Surgical Instrumentation
The overall instrumentation/surgical set up for these cases is relatively simple and straightforward. The majority of the instruments are found in most operating rooms and surgical supply rooms ( Fig. 4.4 ). These include monopolar electrocautery units utilizing a needle tip, which is set at 15 watts on the cut mode and 20 watts for the coagulation mode. The needle tip on the cut mode is utilized to incise the dermis followed by the coagulation mode, which is used for deeper subdermal tissue dissection in a bloodless fashion. Besides the scalp, the skull and particularly the diploë are the primary sources of bleeding, given their vascularity. As such, control of bone bleeding is of utmost importance to minimize overall blood loss intra- and postoperatively. This bleeding is easily controlled with the use of a suction coagulator ( Fig. 4.5 ) (Valleylab, Valley Forge, PA). This unit is connected to the bovie monopolar unit (ValleyLab) and set at 60 watts on the coagulation mode.

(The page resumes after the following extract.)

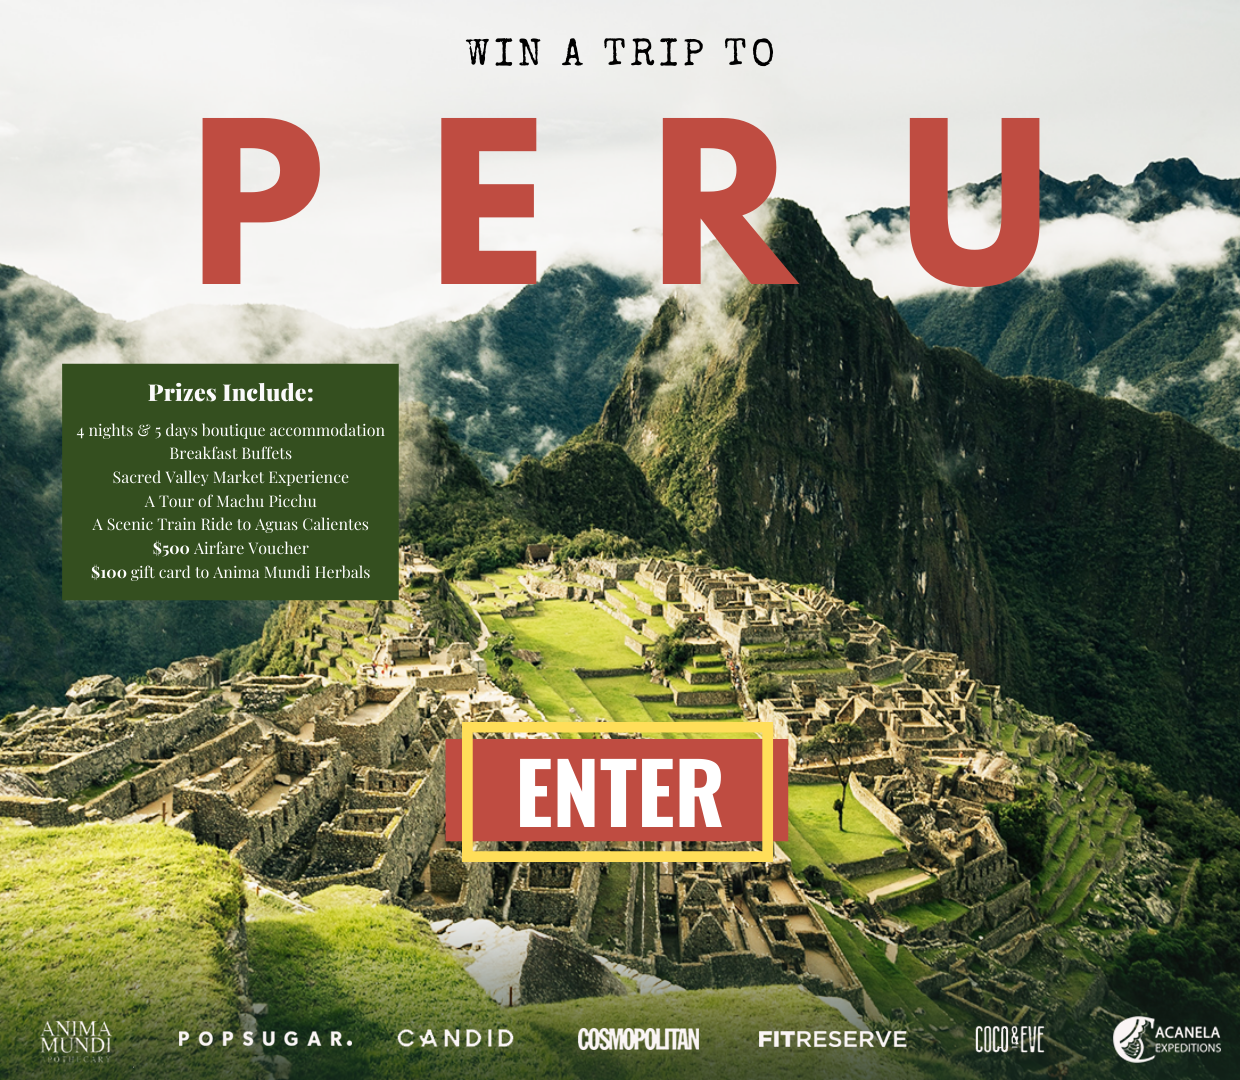 You could win the following for an amazing trip in Peru: 4-night, 5-day boutique accommodation, breakfast buffets, Sacred Valley Market Experience, a tour of Machu Picchu, a scenic train ride to Aguas Calientes, a $500 airfare voucher, and a $100 gift card to Anima Mundi Herbals.
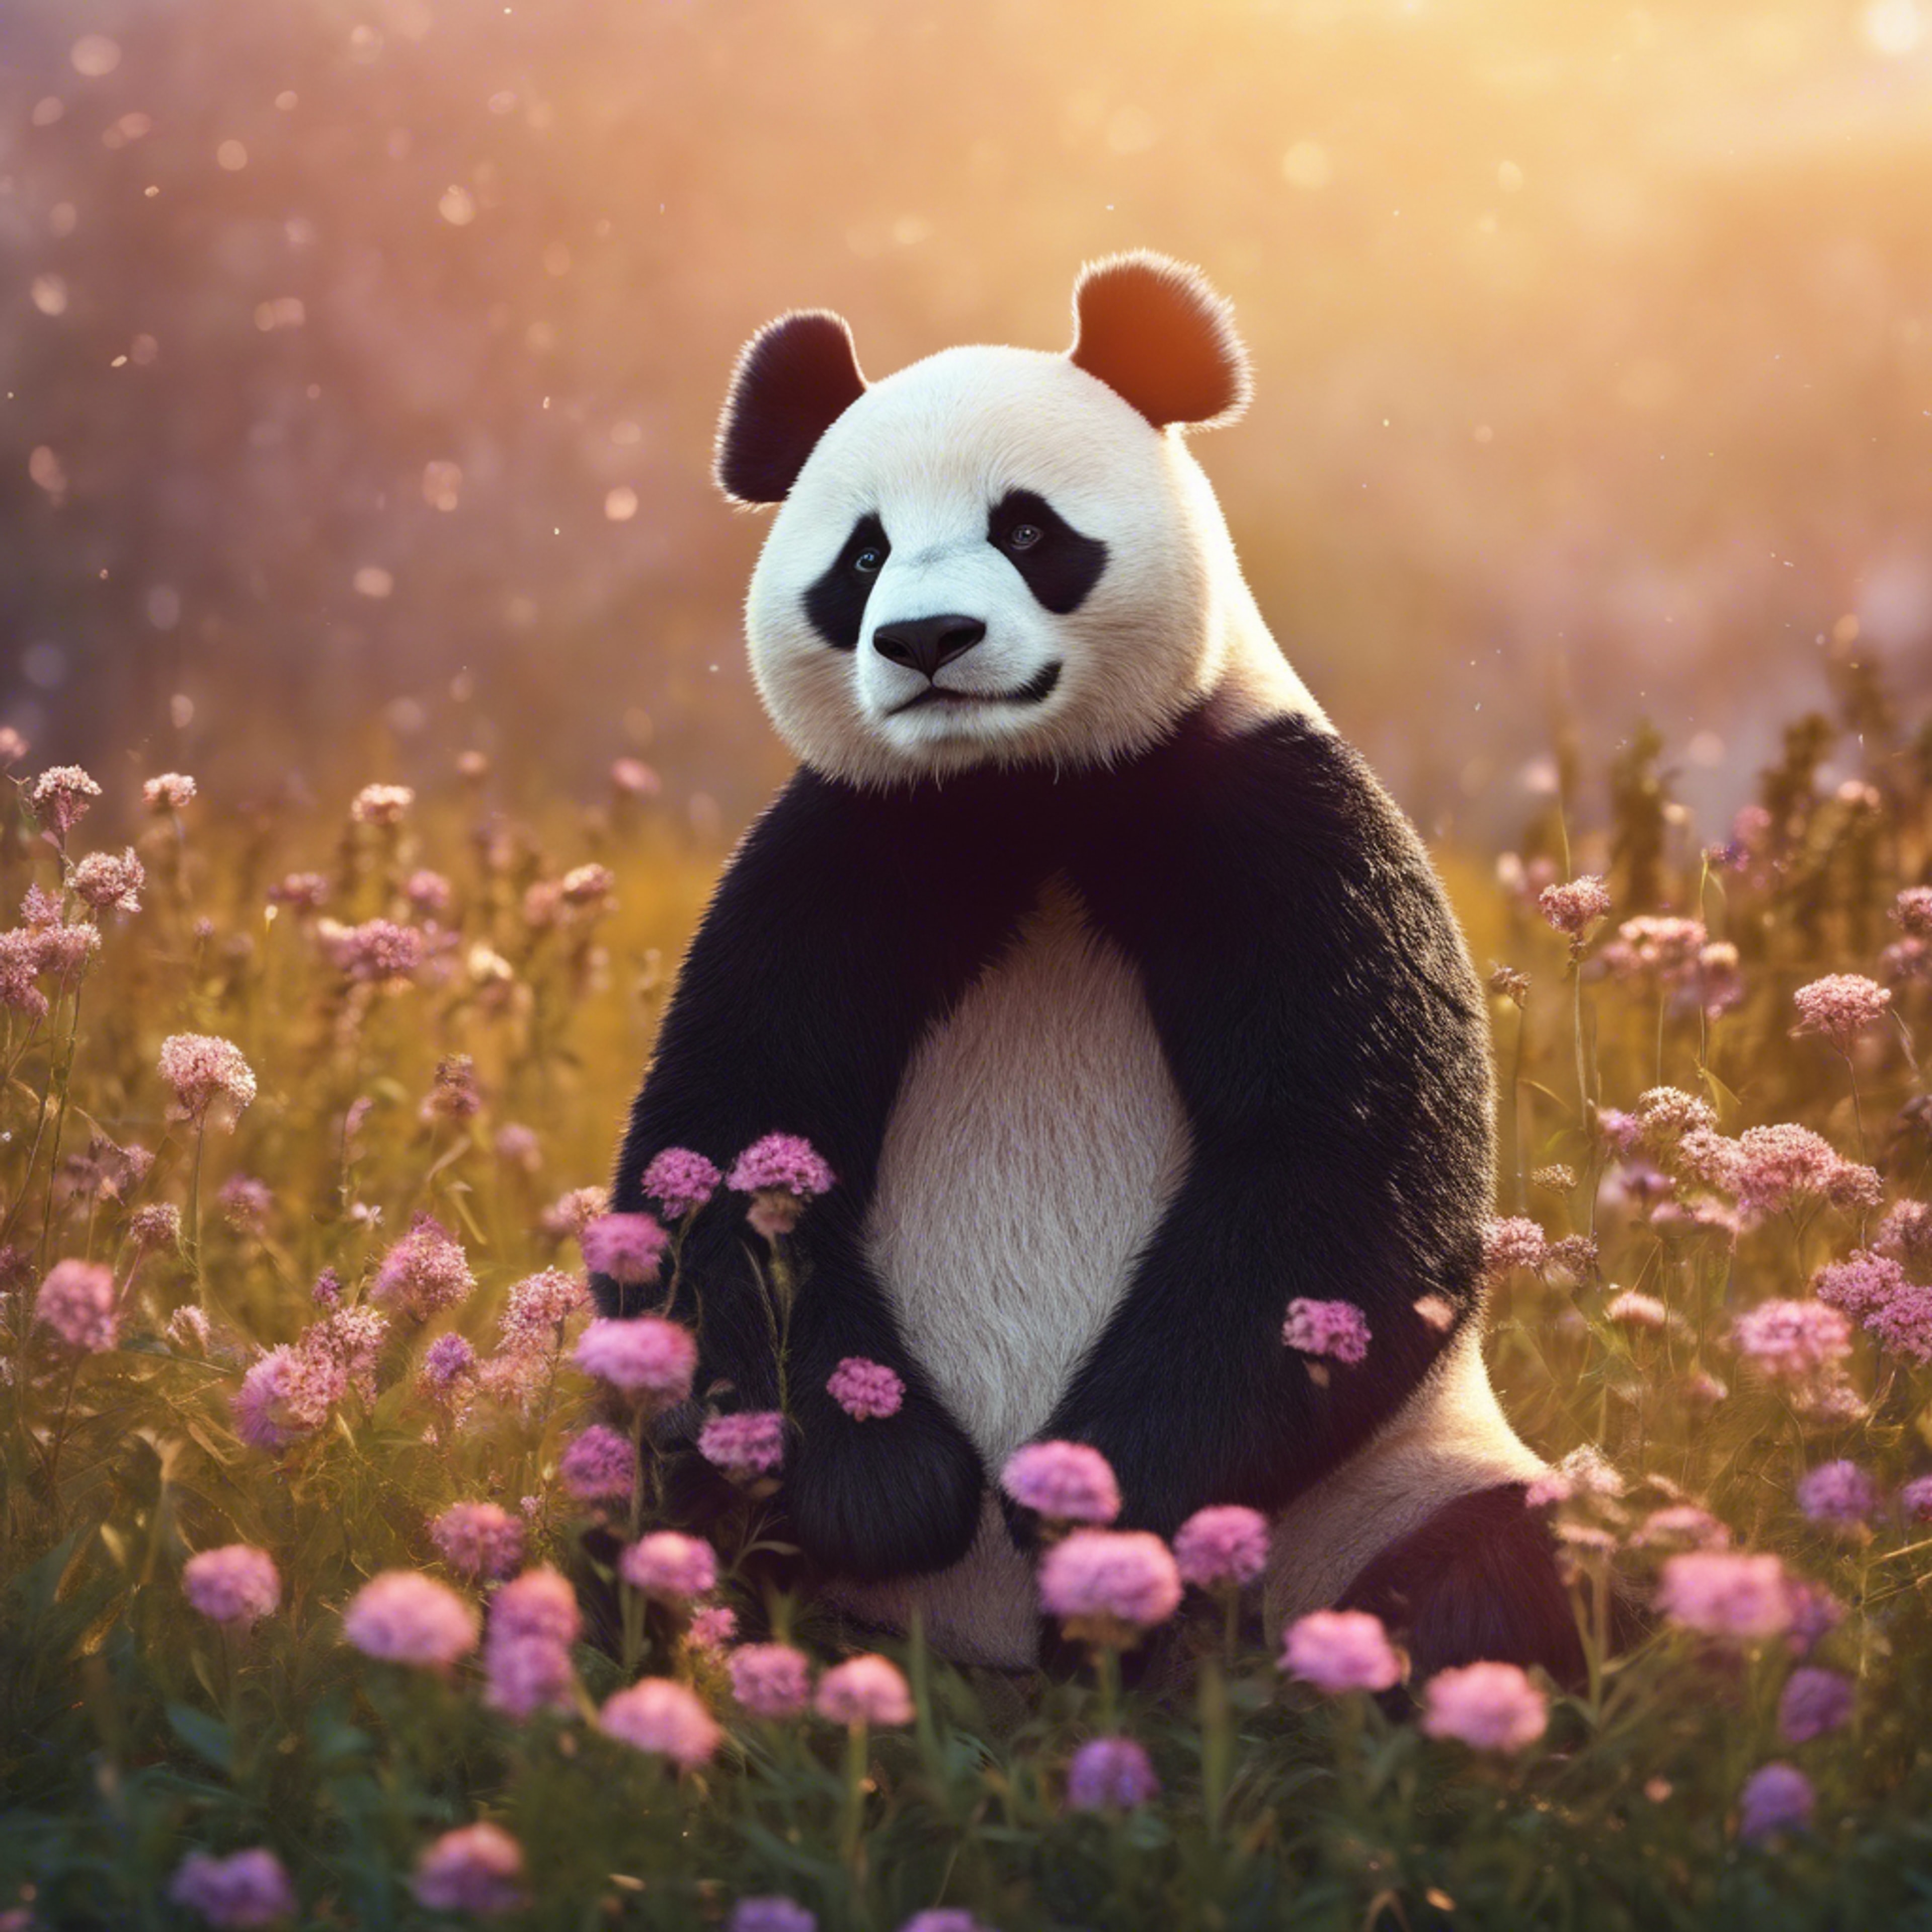 Beautiful illustration of a panda relaxing under the glow of the setting sun, surrounded by a field of wildflowers. Tapeta[4e88d1ee586942fa837d]

The insulated stem has an uninsulated ring tip, which delivers the coagulating energy, whilst the inner suction tube continuously aspirates blood to keep the surgical field dry. The suction coagulator is applied to the bleeding bone until the bleeding stops and the bone fully coagulated. This maneuver leaves the bone edges black and charred. As new bone growth (which is membranous in nature) comes from the dura matter, the bone coagulation does not interfere with new bone growth. There has not been a single case of bone infection or osteomyelitis in our case series of over 800 cases. We strongly believe that this level of osseous coagulation during surgery is the primary reason for our lack of postoperative bleeding and the lack of postoperative hematomas or need for reoperations to remove such hematomas. Coupled with the generous use of Surgiflo (Ethicon, New Brunswick, NJ) and Thrombin Topical liquid, bleeding from the surgical site is minimized. The use of coagulation on the dura is kept to an absolute minimum, as its use can lead to postoperative cranial defects and lack of proper ossification. Every effort must be made to minimize damage to the osteoprogenitor dural cells during hemostasis. Whenever dural bleeding is encountered, Surgiflo can be used to stop the bleeding in an atraumatic fashion along with liquid Thrombin and Gelfoam (Pharmacia and Upjohn, New York, NY).